Consider the sample integration flow created
In HTTP receiver adapter/connector, in the Address field, provide the HTTP endpoint exposed by the httpApp. Observe the Authentication type to be OAuth2 SAML Bearer Assertion. For the credential name, provide the name you have used while deploying the OAuth2 SAML credentials (e.g. myOauthSamlCred as mentioned in section 2.1 and step 1 above).
Save and deploy the integration flow. Since it has SOAP sender adapter, it shall result in the SOAP endpoint URL in SAP Cloud Integration. To get the SOAP endpoint URL, go to monitoring of your Web UI and then in, Manage Integration Content ->click on Started tile. Copy the SOAP endpoint URL keep it in temporarily in a text editor. This shall be used in destination configuration created for myApp.

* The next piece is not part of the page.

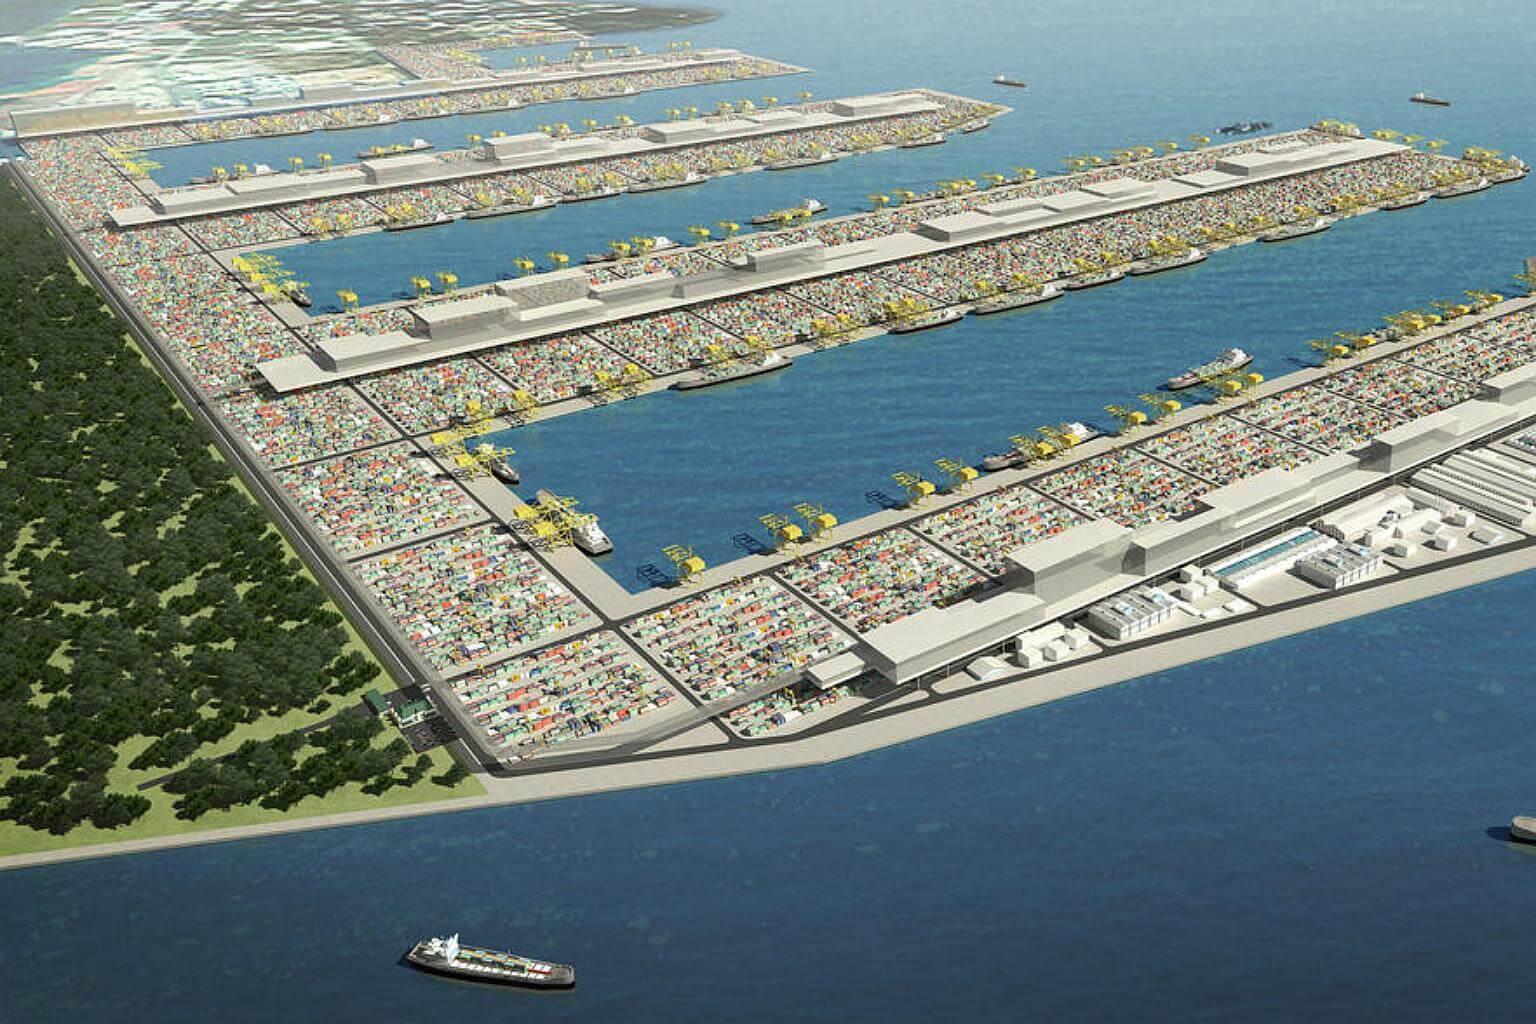 An artist's impression of the Tuas mega port. PHOTO: MPA
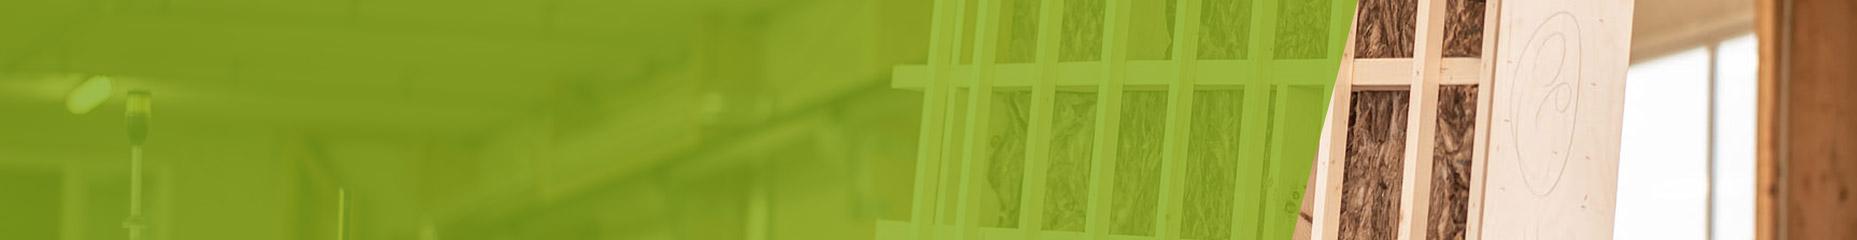 drevostavebni-panely-timeline-1

3. Destination Configuration for myApp
Follow the steps of section 3 of the above-mentioned blog to setup a destination which will be used for the communication between myApp and Integration Flow. After this step, when you invoke the myApp, the login screen will be of custom idp what you have configured. After successful log-in, the myApp will invoke the integration flow via destination configuration and integration flow will invoke endpoint exposed by httpApp via HTTP receiver adapter with user context/principal being propagated to all the involved applications across different accounts.
With OAuth2 SAML Bearer Assertion authentication type in HTTP receiver adapter/connector, you can achieve the principal propagation to the application(s), running on SAP BTP Neo version, with will little complex infrastructure setup steps :).